FRANCESCO, rappresentato e difeso dall’avvocato LUCARINI GIULIANO;

– controricorrenti –

e contro

S.C. C.F. (OMISSIS);

– intimata –

avverso la sentenza n. 552/2004 della CORTE D’APPELLO di LECCE,

depositata il 05/10/2004;

udita la relazione della causa svolta nella Pubblica udienza del

15/12/2 009 dal Consigliere Dott.

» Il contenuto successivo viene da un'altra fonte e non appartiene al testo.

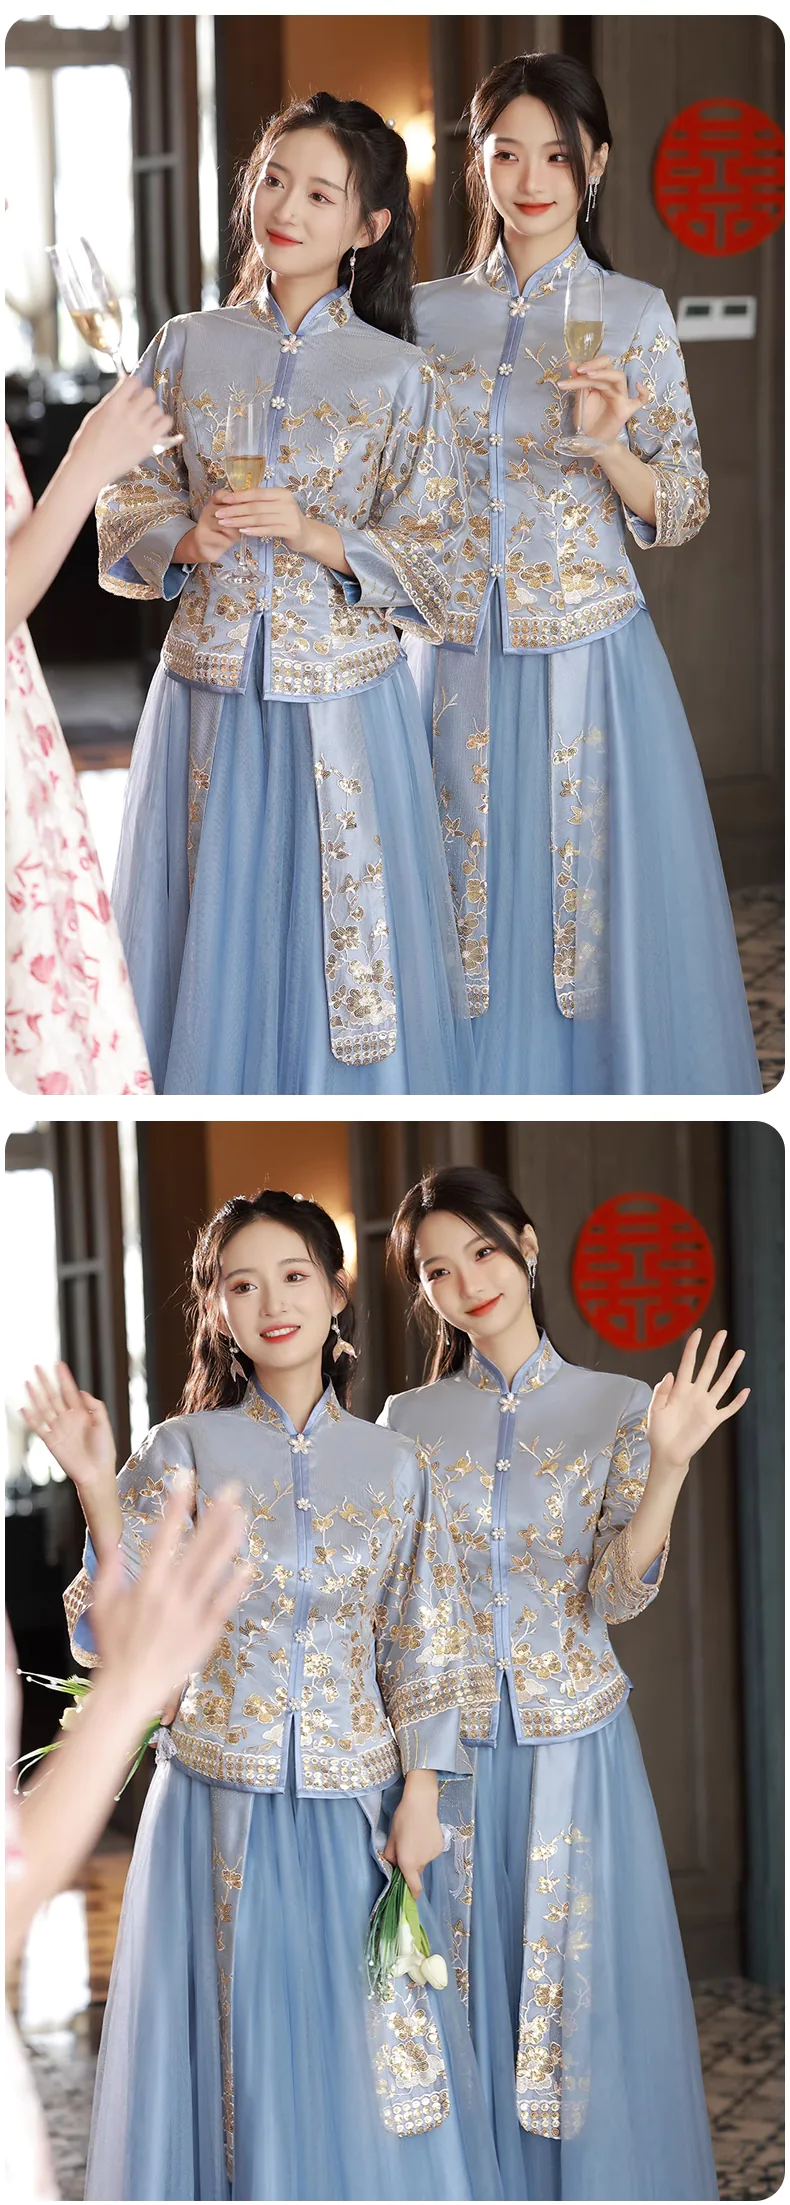 Chinese-Traditional-Style-Blue-Bridal-Wedding-Party-Bridesmaid-Dress17

VINCENZO MAZZACANE;

udito il P.M., in persona del Sostituto Procuratore Generale Dott.

RUSSO Rosario Giovanni, che ha concluso previa riunione dei ricorsi,

per il rigetto del ricorso principale ed accoglimento del ricorso

incidentale, con eventuale connessa decisione di merito.

Fatto

SVOLGIMENTO DEL PROCESSO

Con atto di citazione notificato il 5-6-1995 F.A. e D. B.A. convenivano in giudizio dinanzi al Tribunale di Brindisi E.G. assumendo che con scrittura privata dell'(OMISSIS) E.E., padre del convenuto, aveva promesso di vendere agli esponenti, che avevano promesso di acquistare, un immobile con annesso garage sito in (OMISSIS), per il prezzo complessivo di L. 130.000.000 di cui L. 12.000.000 versate a titolo di caparra confirmatoria ed il residuo prezzo da corrispondere alla data di stipula dell’atto pubblico da effettuare entro e non oltre il 30-9-1992.

Gli attori aggiungevano che, poichè tale atto non era stato stipulato entro il suddetto termine, essi avevano inutilmente convocato il promittente venditore davanti al notaio per il giorno (OMISSIS), e che dopo il decesso di E.E. avevano chiesto la restituzione del doppio della caparra al figlio G. istituito erede universale; essi quindi chiedevano la risoluzione del contratto “de quo” per inadempimento di E.E. e la condanna del convenuto quale erede alla restituzione del doppio della caparra in ragione di L. 24.000.000 oltre rivalutazione ed interessi dall'(OMISSIS) fino al soddisfo.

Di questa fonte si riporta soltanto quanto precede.